CloudOak’s new offering, Plan4Continuity [P4C]  is a cloud SaaS solution that creates and manages Business Continuity plans in the cloud, to enable the creation of live business continuity plans in minutes using a single cloud-based interface. It turns a business continuity plan from a contingency in a drawer somewhere to a live cloud-based system that contains plans, simulation schedules and full audit logs.

“There’s nothing else that does this in the channel,” Cheeseman said. “It’s a simple concept – take a business continuity plan and make each element of the  document a trackable feature in the cloud, so that every action can be tracked. SMBs don’t have the time or skill to create something like this, and most MSPs don’t have the skill to create it. It’s a terrific differentiator for MSPs because there’s nobody else doing this. We take an arduous time-consuming and incredibly skilled process and turn it into a menu-driven two and a half minute enterprise.”

MSPs can use P4C to create multiple plans for multiple clients, across any vertical, as the client’s business continuity plan moves from becoming a static plan to a live cloud-based system that contains plans, simulation schedules and audit logs of all activations.

When P4C becomes generally available at the end of August, out of the gate it will integrate with CloudOak’s own CUBE, with Rubrik, and also with Datto.

“We will be announcing another major integration at the end of the month as well,” Cheeseman said. “From there, the strategy will be to add more major integrations, first with document management systems and other backup and DR solutions, and from there, in short order, the major PSAs.”

Cheeseman said that the pre-launch of P4C was made specifically so they could show it at ChannelCon, and that the reaction had exceeded their expectations.

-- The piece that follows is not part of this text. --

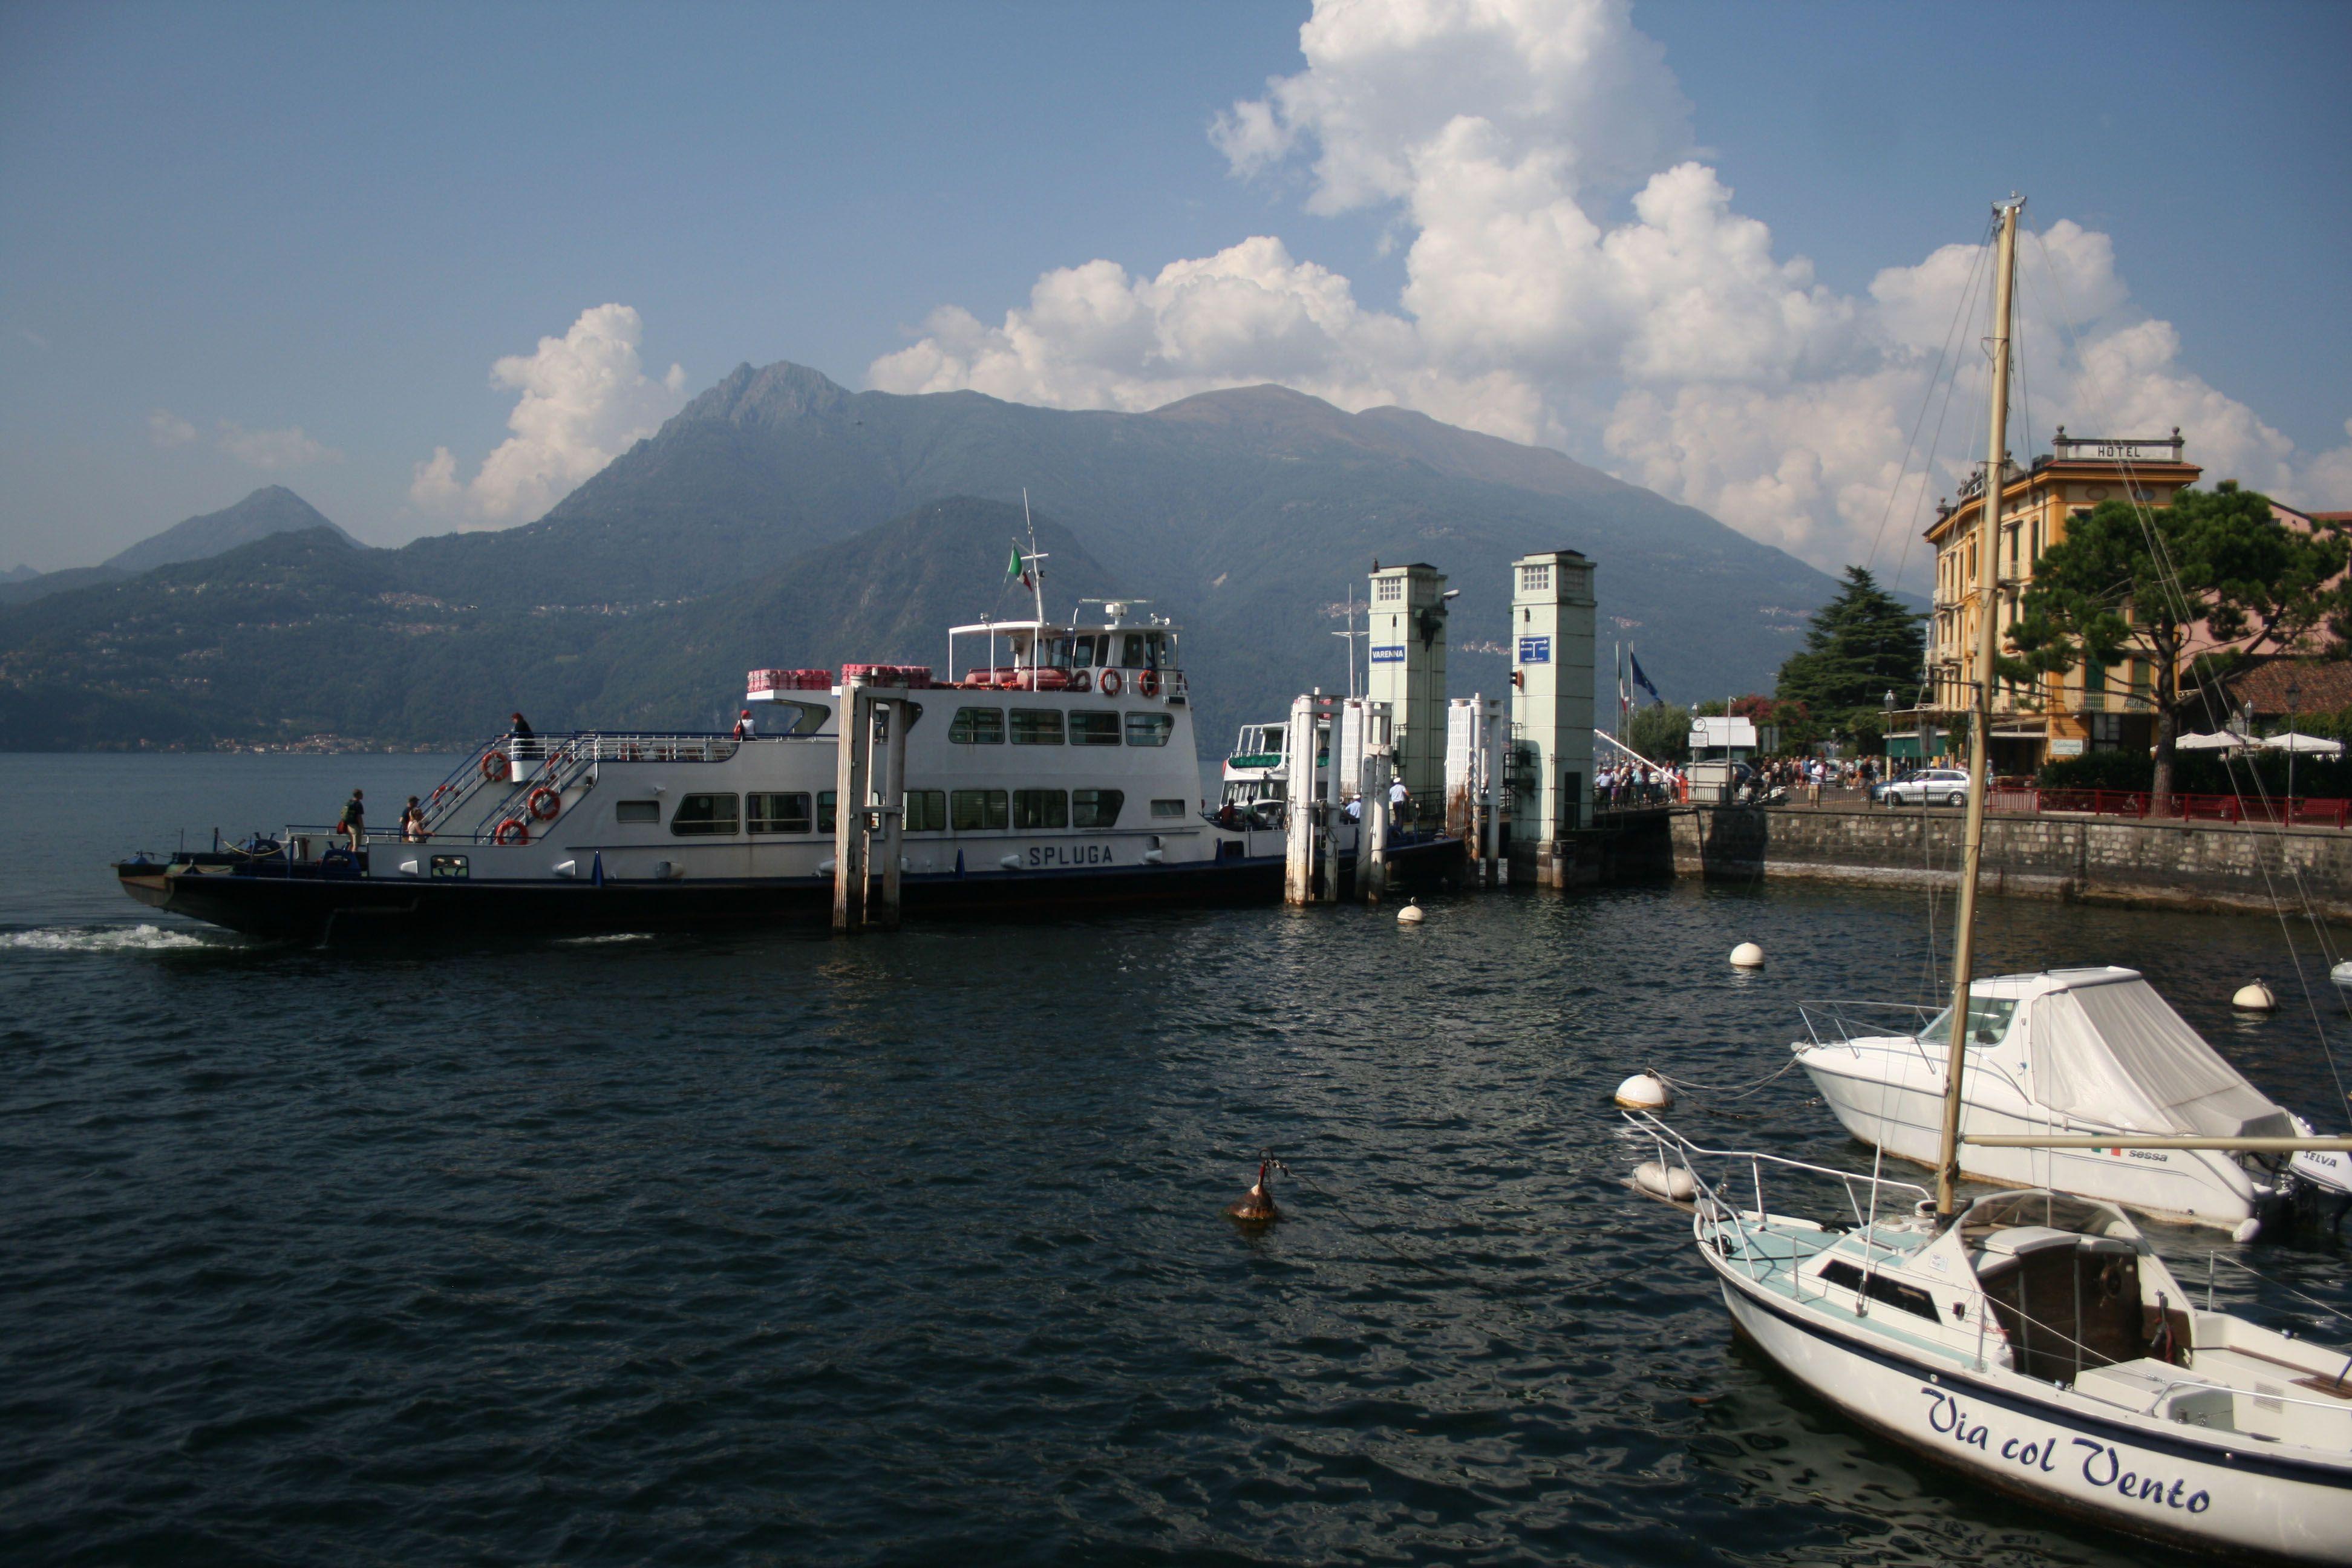 Disembarking From Car Ferry Spluga At Varenna On Lake Como

“The reaction at this event from MSPs has been great,” he noted. “A typical response, 40 seconds into the presentation, is that they never thought of that, kind of like the reaction was to IT Glue when it came out.”

While P4C could be used as a pre-sales tool for CUBE, providing a free business continuity plan that takes only minutes to create, it also has a short sales cycle to sell on its own.

“CUBE, nine and a half times out of ten, is a displacement strategy for the MSP, so it’s a more difficult sales cycle, but P4C is cloud SaaS-based,” Cheeseman commented.

CloudOak was aggressively recruiting for quality MSP partners at ChannelCon, and will be doing the same at ASCII’s SMB IT Success Summit in downtown Toronto on August 21-22. Cheeseman indicated however, that they don’t think that their offerings are a great fit for every MSP.

“I think that an MSP needs to have a certain level of maturity for this type of service, which could be difficult for smaller ones,” he said. “So we will have something of a culture strategy, and it will be more of a select channel as a result. We will beachhead P4C at ASCII in two weeks. It’s the best of the Canadian shows, since it attracts the largest number of strong MSPs, and we think we will have the same success there that we have had at ChannelCon.”